So, today I was dusting EVERYTHING due to Agusto’s work cutting and laying tiles on the stairs. Sometimes I wonder if I will ever again live in a house that doesn’t have a cm layer of construction dust covering everything. Anyway, I got to thinking about the stuff we have which, consequently needs dusting when it remains uncovered and tile cutting is happening in the vicinity. You know, the stuff that is around the house that you don’t even think about, and probably don’t even see any more even though it is in plain view all the time…until you have to dust it. The dust and the thoughts about the stuff that David and I have collected got me to thinking about a segment I heard on the BBC the other day about Vesuvius.
All these thoughts got me imagining what people 2000 years from now would think about how we lived our life if a volcano should cover and petrify the whole place in lava.

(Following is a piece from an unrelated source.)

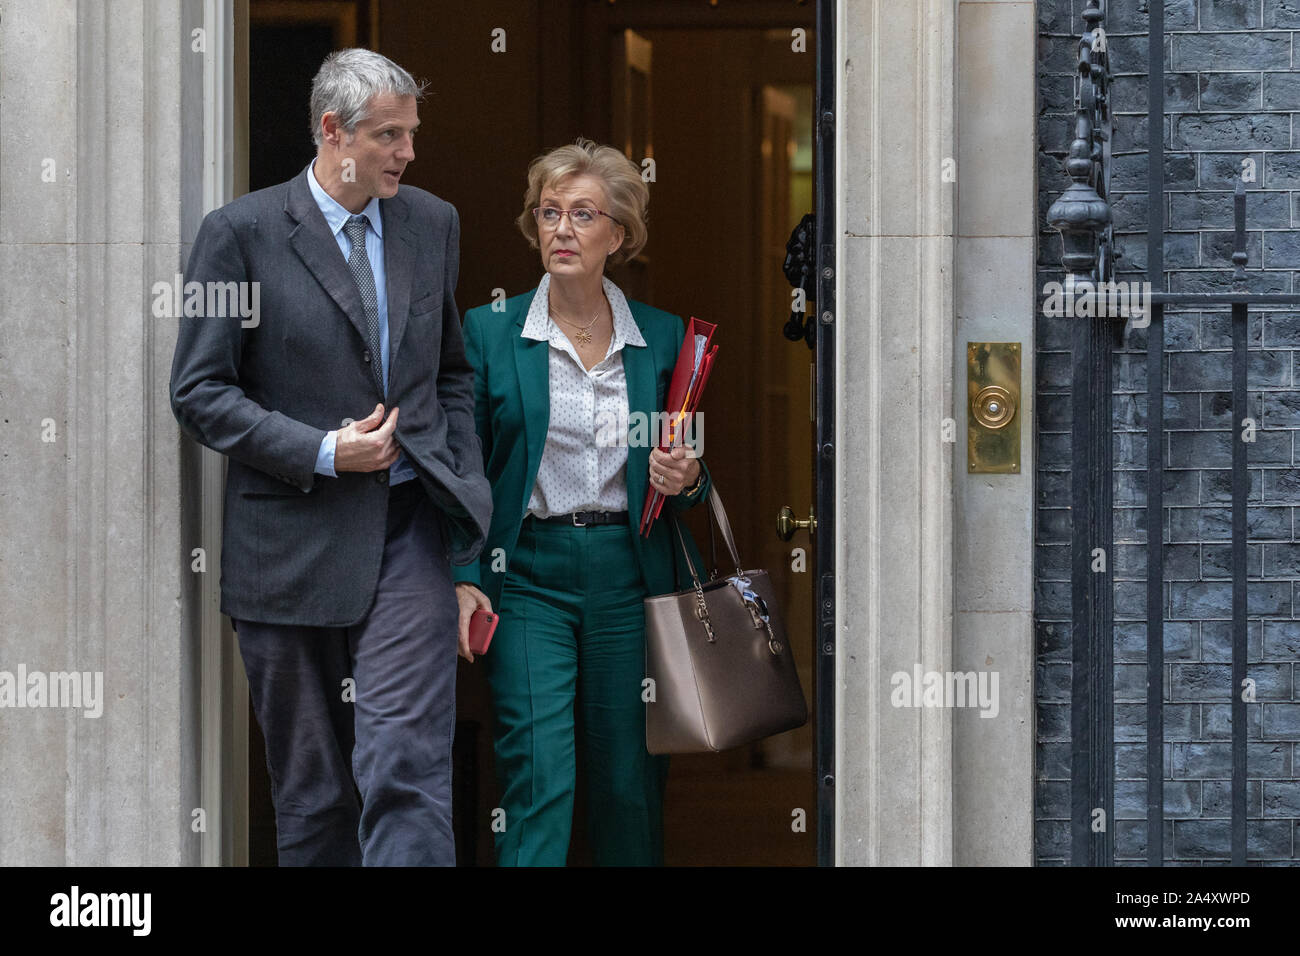 16 octobre 2019, les ministres du Cabinet arrivant au numéro 10 Downing Street, à Westminster, Londres. Banque D'Images
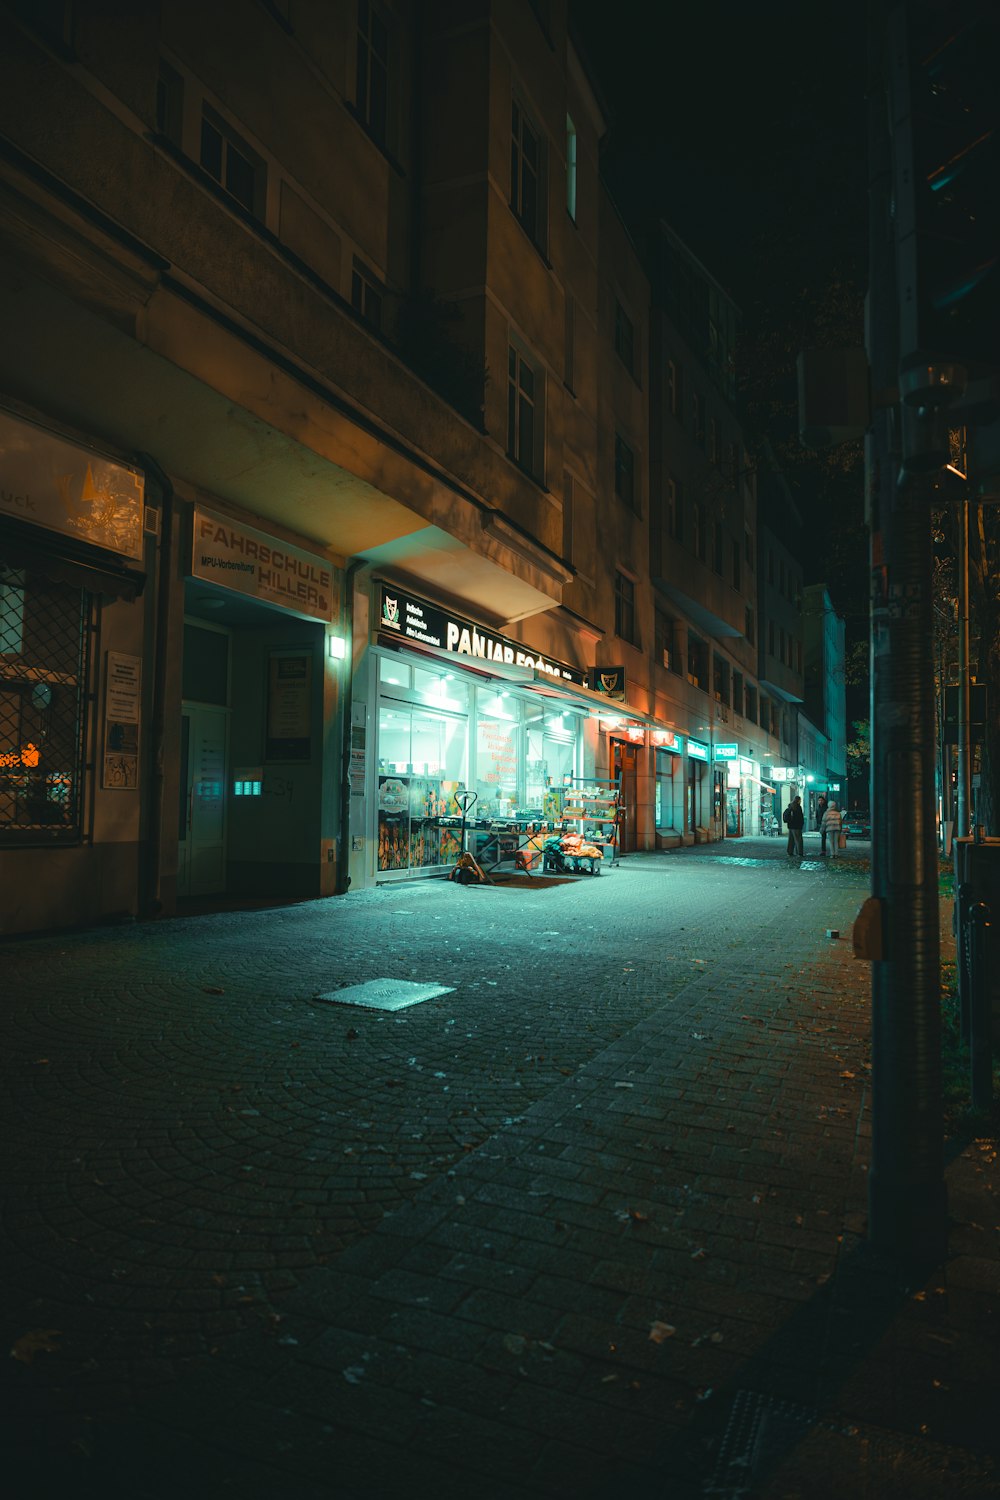 Eine dunkle Stadtstraße bei Nacht mit einer Ladenfront

No, David is not out of town.
I came to the conclusion that the archeologists would determine that we were great traveling people who hosted dinner parties for hoards regularly. This would be based on the fact that we have an over abundance of travel guides and plates. Neither of these conclusions would be correct as we use neither of those collections.
A very astute digger would be able to conclude that we enjoy wine, as evidenced by our lack of wine glasses. This archeologist would have to be a wine drinker him/herself so as to know that only people who don’t use their wine glasses still have them. This conclusion about us would be correct.
This item would not confuse the future diggers too much. They would of course know what it is and figure that it was part of entertaining all those guests we have at all those dinner parties. And the wine-drinking archeologist would astutely add that, “there was a direct correlation, in the times of these people…and for all of history…between the entertainment level of such an instrument and the amount of wine consumed”.
They might be, however, perplexed as to why they found it in the bathroom.